В Европе колыбельные нежны и монотонны, ребенок погружается в них с радостью, целиком отдаваясь сну. Таковы в особенности французские и немецкие песни, а на нашем полуострове европейский отзвук слышится в басконских колыбельных, таких же ласковых, милых и безыскусных, как северные.
В Европе у колыбельной одна цель – убаюкать ребенка, стараясь в отличие от нас не ранить детскую душу.

Правда, из-за монотонности те колыбельные, что я назвал европейскими, кажутся печальными, но только кажутся – эта печаль случайна, как печальный всплеск листвы или воды. Монотонность – не грусть. Там, в сердцевине Европы, колыбель завешивают серым пологом, чтобы слаще спалось. Двойной эффект сукна и бубенца. И всего в меру.

В русских колыбельных, которые мне довелось слышать, сквозит надрывная славянская тоска – скула и даль, – неразлучная со всей их музыкой, но в этих песнях нет незамутненной, крутой и бурной простоты наших. Ребенок может свыкнуться с печалью русской колыбельной, как с непогодой за окном, но испанской печали ребенку не одолеть. Испания – страна твердых линий. Ни одного туманного перехода, где бы можно ускользнуть в запредельность. Каждый штрих, каждый контур беспощадно четок. Мертвый в Испании мертв, как нигде в мире. И всякий, кто вздумает грезить, споткнется о лезвие бритвы.

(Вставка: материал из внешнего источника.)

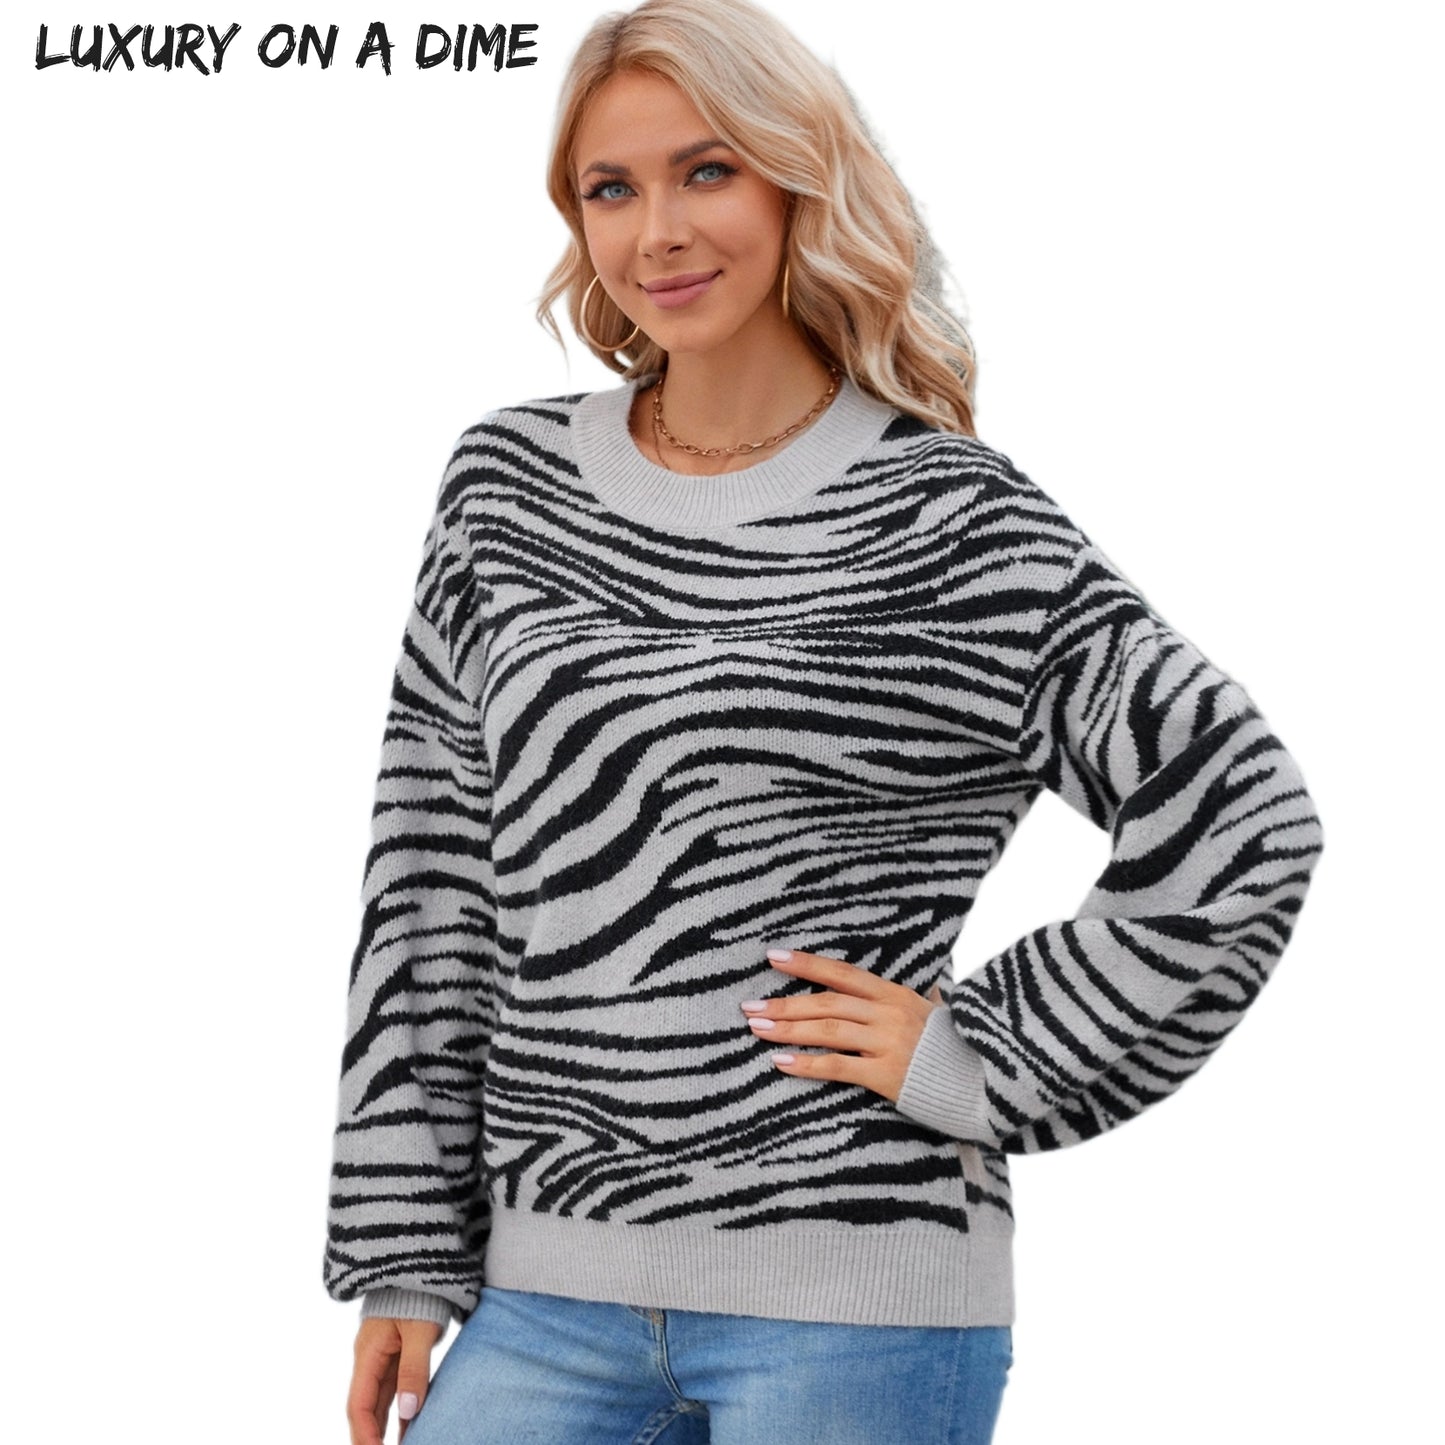 Zebra Stripe Long Sleeve Animal Print Round Neck Casual Soft Sweater Shirt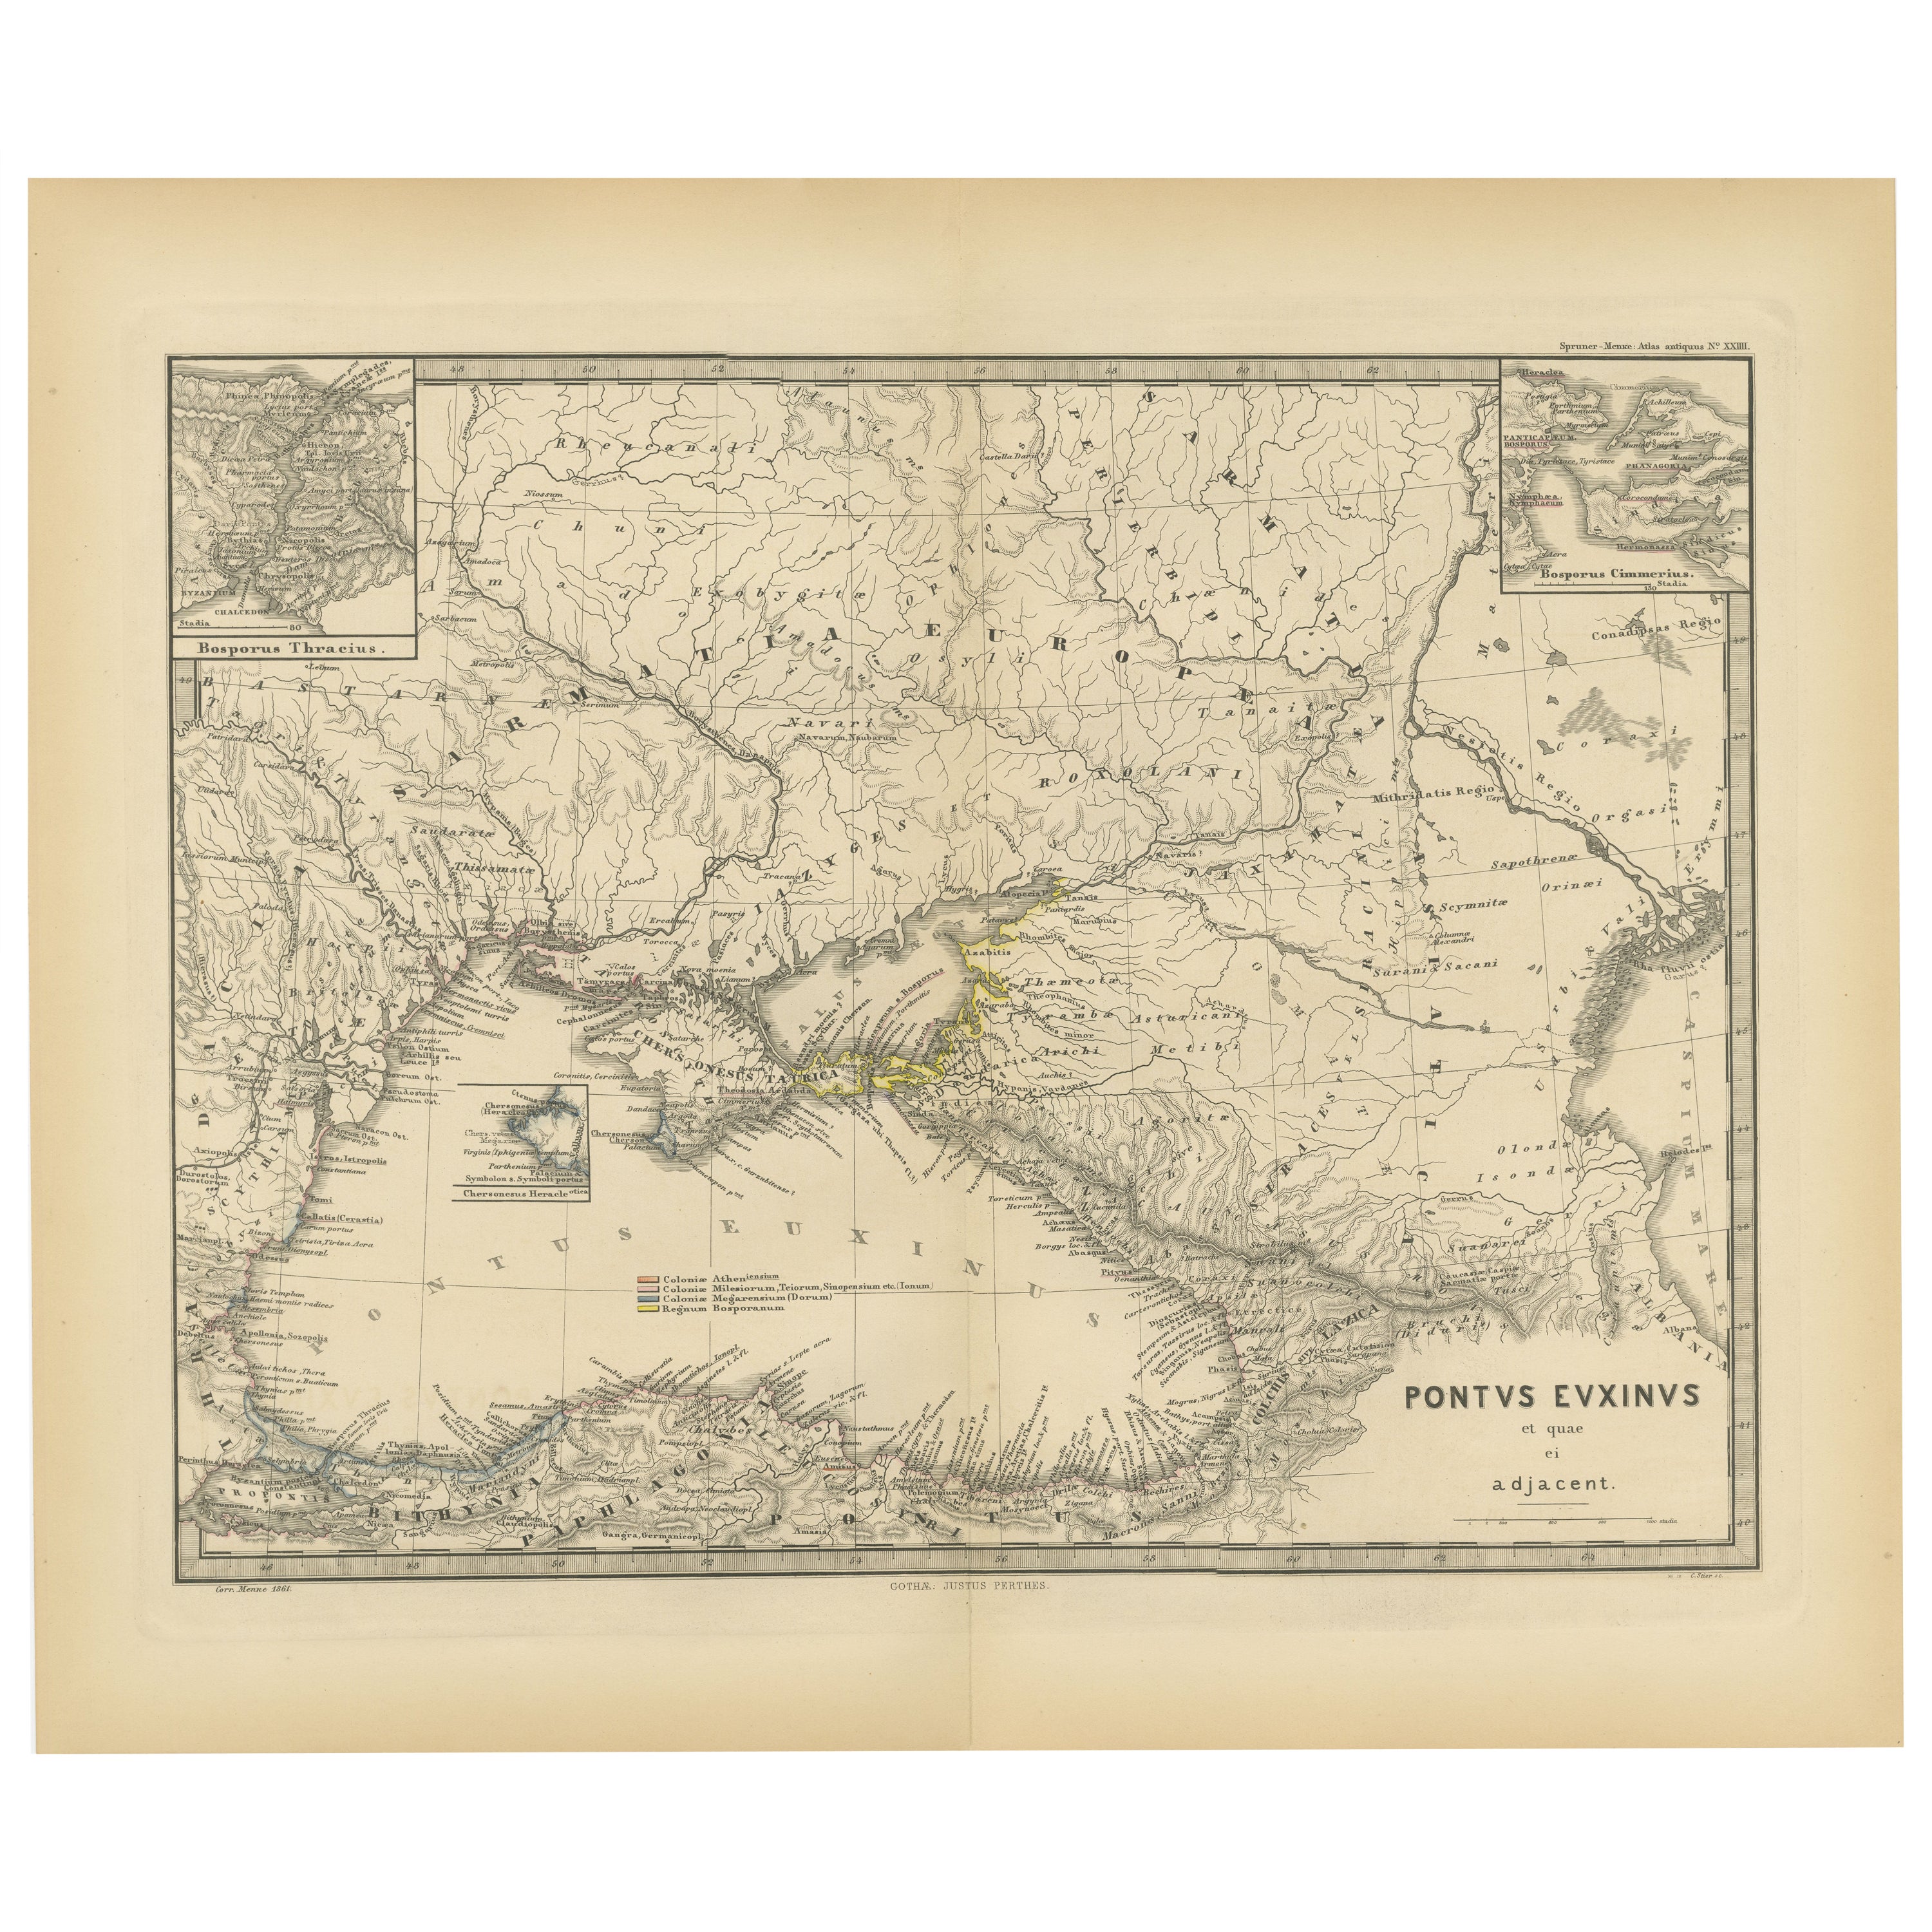 Black Sea in Antiquity: Pontus Euxinus Map, Published in 1880

Не подумайте, однако, что я намерен говорить о «черной Испании», об Испании трагической и прочая и прочая – этот литературный штамп затаскан и не оправдал себя. Но ведь там, где испанский трагизм особенно отчетлив, в колыбели кастильской речи, сам облик земли так же строг, неприкрашен и неподдельно драматичен, как и рожденные там песни. Красотой Испании нам отказано в мире, покое и неге – ее красота, жаркая, опаленная, непомерная и порою чрезмерная, не знает разумных рамок и, ослепленная собой, разбивает голову о камни. В испанской глуши встречаются немыслимые мелодии, полные тайны и древности, нам недоступной, но ни одна из них не обладает вкусом, иначе говоря, не сознает себя и не течет, пусть даже хлынув из огня, с желанным самообладанием.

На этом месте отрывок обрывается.